# early preg symptoms? or clomid aftermath?!



## BabyDash619

hello...posted a few times on the clomid section but never here...first round of clomid! not sure when i actually ovulated (no +opk) but bloodwork on tues. showed that i did ovulate. cd27 today...i wanted to post my symptoms and see what you girls think! first let me mention that i never ever get af regularly, usually about 4 times a yr. I started af naturally last month by chance (the day after spending $45 on the meds to bring on a period, of course) then took 50mg Clomid days 5-9...no idea when af will come unless i end up with a BFN and take period enducing meds...

okay so the last 2 or 3 days mild cramping in ovaries,headaches, bbs def a little sore to the touch, yesterday mild lower back pain and sore hip sockets (?!) also sore thigh muscles like i had exercised but i hadnt. pretty much gone today. oh and sore on inside of elbow where arm bends, like where you get blood drawn only i had it drawn on the opposite arm. probably not a sign on pregnancy haha but i desperately want it to be! no fatigue or discharge or nausea :(:(:(

sorry this is so long! excited but nervous to be dissapointed. thanks in 
advance for any input. do i have a chance or is it all in my head and/or the clomid even though its been 18 days since my last pill?! eeeek!


----------



## crystal443

Hi,

I found with all my Clomid cycles I had alot of symptoms...however Clomid worked first time with DD and DS but it unfortunatlry didn't work this last time. I had 6 rounds of it and no pregnancy. 

You could def be having pregnancy symptoms :) best of luck!!


----------



## BabyDash619

crystal-thanks for your quick response! so sorry you didnt have any luck wih your last rounds...are you taking a break then going back on clomid? 
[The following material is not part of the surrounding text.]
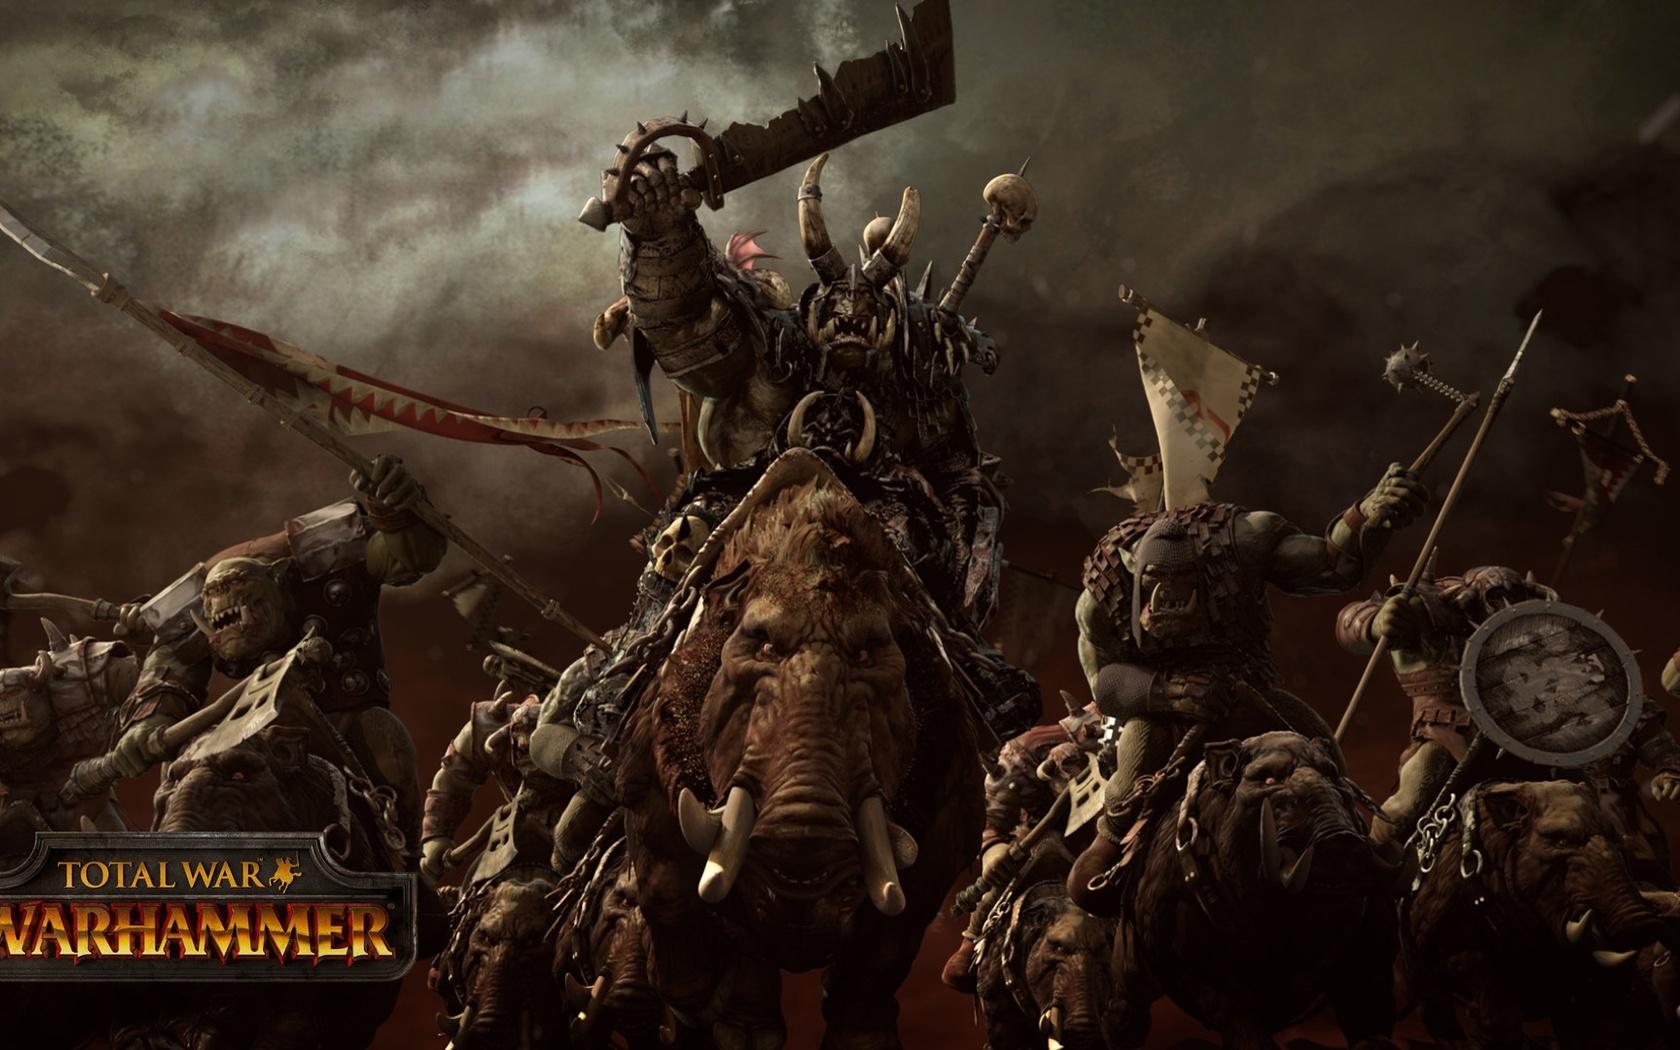 Total War Warhammer Wallpaper: 1680x1050 Orcs Total War Warhammer 1680x1050 Resolution HD

also, so awesome to hear you had two first round successes! at least you know it is more than possible for you to concieve, thats a big deal! cant wait till i know that for sure...i feel like i'm broken or something. but sooo thankful that my dr says i ovulated on clomid bc it seems i dont on my own. theres always hope!

good luck :)


----------



## Deputyswife

I had my first round of Clomid 100mg cd 3-7 this cycle too. I've had a ton of pg symptoms Af was due yesterday so I'm now 17dpo and on cd32. I've had cramps and twinges for the last two weeks so that's no help either. But I did have a little pink cm (sorry tmi) today. But no other symptoms she coming. I've also gotten a BFN yesterday, needless to say I'm really confused.....:wacko:

Hopefully in a couple of days we'll both have good answers, :hugs:


----------



## BabyDash619

deputyswife...ahhh good luck to you!! what are your symptoms?


----------



## BabyDash619

oh and p.s. i took a test too, this am even though a. i don't even knw when i O'd just that i did and b. i was trying to wait until the 25th to test....ha yeah right! needless to say BFN.


----------



## Deputyswife

They started with cramping, twinges and pulling in pelvic area. Then extreme fatiuge nausea more cramping and fatigue peeing all the time!!!


----------



## Deputyswife

Oh and sore bbs!!!!!


----------



## KahluaCupcake

Hey fellow Masshole! ;D
I had my first round of clomid last month, and man, did I get a LOT of pregnancy symptoms!! To the point of where I'm almost surprised I didn't has a phantom pregnancy. When I got my BFNs I just shrugged and thought, "the line will show up tomorrow!" I was convinced!
I had sore nipples (usually before AF I get sore bbs, but in the tissue, not the nipples!), even had some discharge for the first time EVER. I had the pulling on my lower right abdomen, exhaustion, a sudden "need" for sweets, serious nausea, etc etc. Then when AF showed up, I had the most PAINFUL cramps of my life. I usually only get a shirt bout or two of cramping on my heaviest day; but this time, OH MY!!! I was doubling over in pain and pausing my sentences, unable to talk from it. 
I know for this month to just CHILL and not look into symptoms too much. I'm going to treat them as medication side effects, and not expect a BFP.


----------



## ebelle

KahluaCupcake said:


> Hey fellow Masshole! ;D
> I had my first round of clomid last month, and man, did I get a LOT of pregnancy symptoms!! To the point of where I'm almost surprised I didn't has a phantom pregnancy. When I got my BFNs I just shrugged and thought, "the line will show up tomorrow!" I was convinced!
> I had sore nipples (usually before AF I get sore bbs, but in the tissue, not the nipples!), even had some discharge for the first time EVER. I had the pulling on my lower right abdomen, exhaustion, a sudden "need" for sweets, serious nausea, etc etc. Then when AF showed up, I had the most PAINFUL cramps of my life. I usually only get a shirt bout or two of cramping on my heaviest day; but this time, OH MY!!! I was doubling over in pain and pausing my sentences, unable to talk from it.
> I know for this month to just CHILL and not look into symptoms too much. I'm going to treat them as medication side effects, and not expect a BFP.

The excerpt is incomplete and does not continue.